Der weltgrößte Platinförderer Anglo American Platinum droht in Südafrika mit Schließungen und Massenentlassungen, die Bergarbeiter mit Aufstand

Von Christian Selz, Rustenburg/Kapstadt *

Die Fronten sind verhärtet. Arbeitsplatzverluste seien unumgänglich, es sei denn »ein Ritter in glänzender Rüstung« trete noch auf den Plan, läßt Chris Griffith, Vorstandsvorsitzender von Anglo American Platinum (Amplats) nicht ohne lyrischen Wert wissen. »Wir sind bereit, uns dem Unternehmen zu stellen, wenn die weiterhin davon reden, Schächte zu schließen und Arbeiter zu feuern«, hält Gaddafi Mdoda, Bergarbeiter und Sprecher des Anglo American Workers Comitee, dagegen. Griffith spricht vor einem Ausschuß zur Bergbaukrise im südafrikanischen Parlament, einem prächtigen Kolonialbau im Zentrum Kapstadts, Mdoda sitzt in einer kleinen Runde von Bergarbeitern in einem zugewucherten Park am Rande von Rustenburg, dem Zentrum des südafrikanischen Platinbergbaus. Der steckt in der Krise, »Umstrukturierungen« sind nötig, erklärt Griffith der politischen Elite. Die Bosse stecken mit der Regierung unter einer Decke, sagt Mdoda zum zustimmenden Nicken seiner Kollegen – und versichert, daß sie kämpfen werden.
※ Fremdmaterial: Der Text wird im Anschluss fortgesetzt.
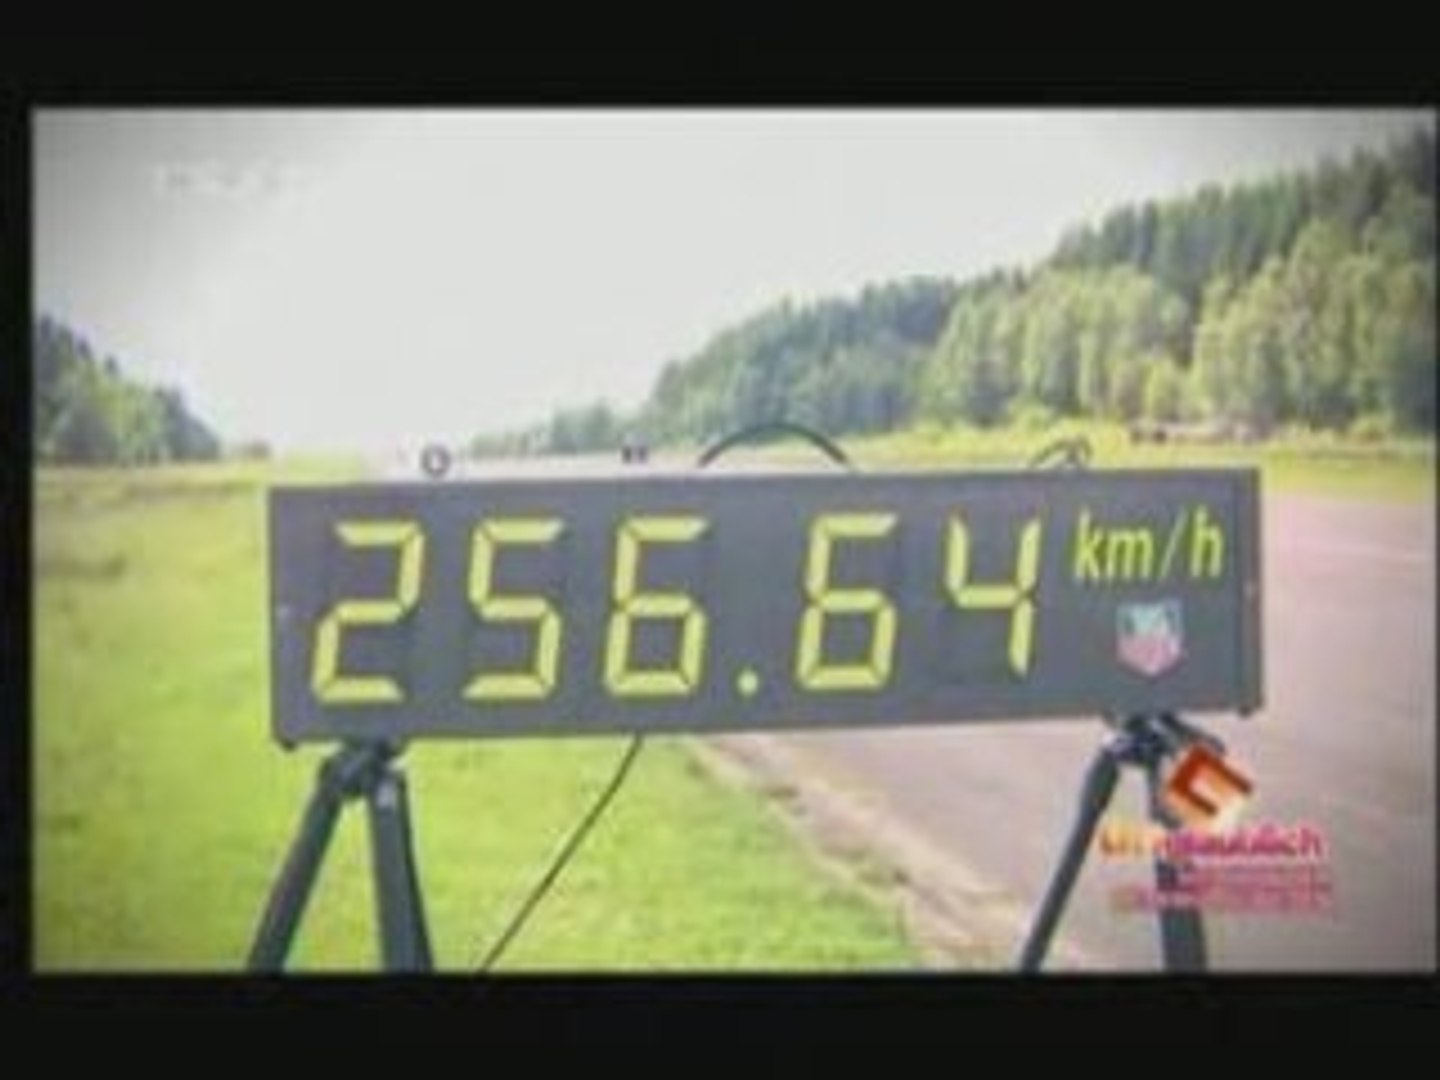 Record Roller à 256 km/h - Vidéo Dailymotion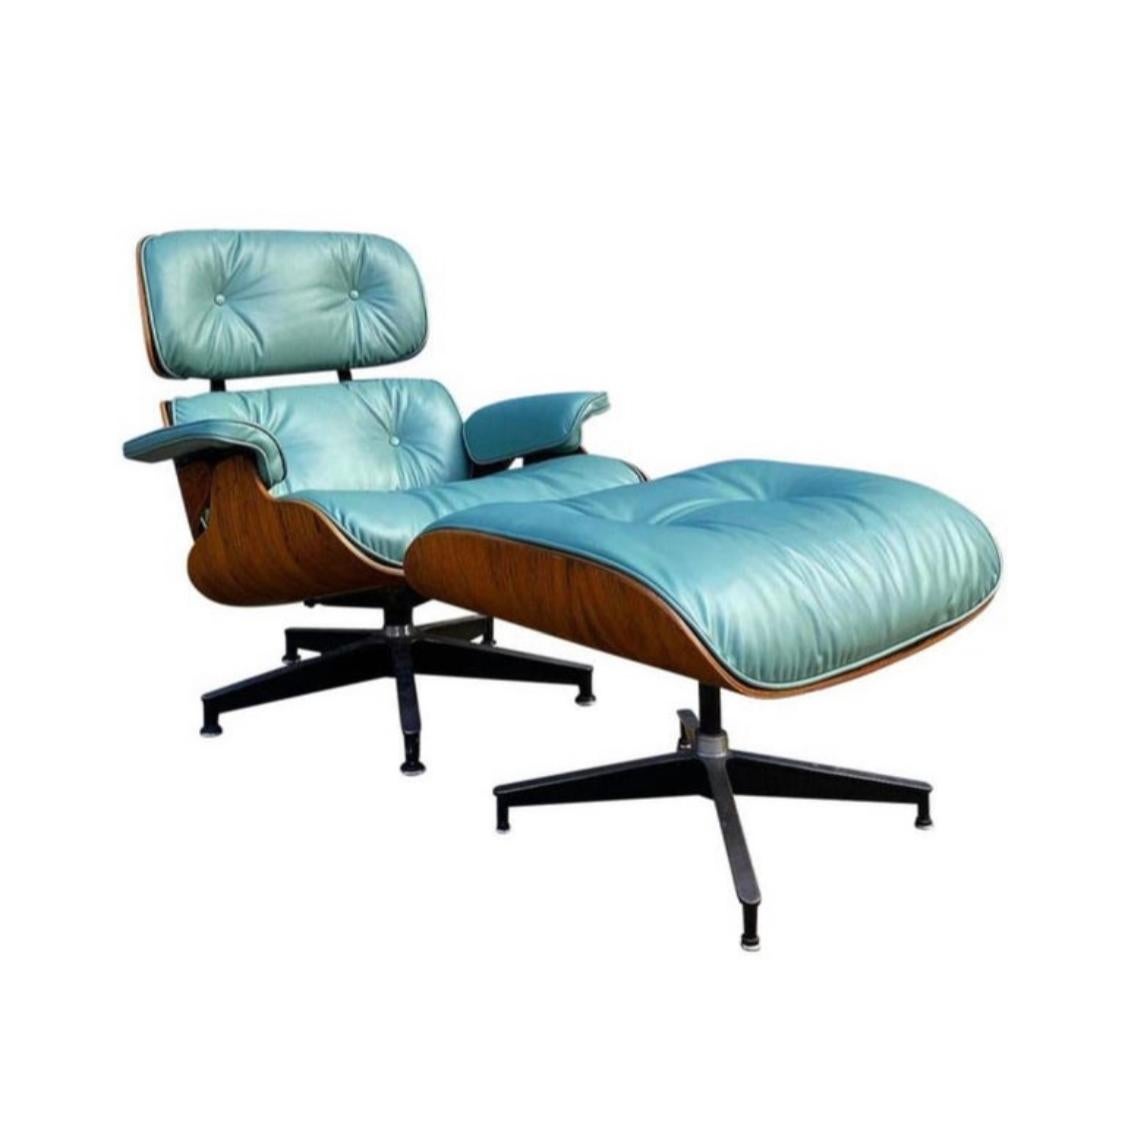 Unglaublich lebendige und elegante Ausgabe des klassischen Herman Miller Eames Lounge Chair und Ottoman, ca. 1960-70er Jahre Stuhl mit original Herman Miller Label. Custom Lederkissen in hervorragendem Zustand. Diesen Farbton haben wir bisher noch

Bei Amplats geht es seit Jahresbeginn um 14000 der insgesamt knapp 60000 Arbeitsplätze. Vier Schächte will der Konzern stilllegen, weil das Geschäft mit Platin einfach nicht mehr rentabel sei, wie Griffith sagt. Südafrikas Bergbauministerin Susan Shabangu, eine Gegnerin von Verstaatlichungen, drohte dem Unternehmen daraufhin mit dem Entzug der Konzession. Seitdem erklärt sich Amplats der Regierung, der Ton ist friedlicher geworden. Seine grundsätzlichen Überlegungen hat der Konzern aber nicht geändert. Der Markt sei übersättigt, die Preise für das Edelmetall liegen am Boden, die Kosten steigen – wobei letzteres durchaus als trotziges »selber Schuld!« an die Kumpel verstanden werden darf. Acht Wochen lang hatten die im vergangenen Herbst gestreikt für bessere Arbeits- und Lebensbedingungen und für höhere Löhne. Ihre Forderung nach mindestens 16000 südafrikanischen Rand (1350 Euro), was mehr als einer Verdreifachung des damaligen Einstiegsgehalts von 5000 Rand entsprochen hätte, war die radikalste in der gesamten Streikwelle, die hunderttausende Kumpel monatelang auf die Straße brachte. Drei Tote forderte der Konflikt. Doch anders als ein paar Kilometer weiter westlich in Marikana, beim weltweit drittgrößten Platinproduzenten Lonmin, wo die Bergleute deutliche Gehaltszuwächse erkämpfen konnten, beugte sich Amplats nicht. Der Konzern drohte mit Massenentlassungen, feuerte Kumpel per SMS und ließ den Streik letztendlich buchstäblich verhungern. Für Lohnerhöhungen von mickrigen 400 Rand und eine Einmalzahlung von 4500 Rand kehrten die Arbeiter schließlich in die Schächte zurück.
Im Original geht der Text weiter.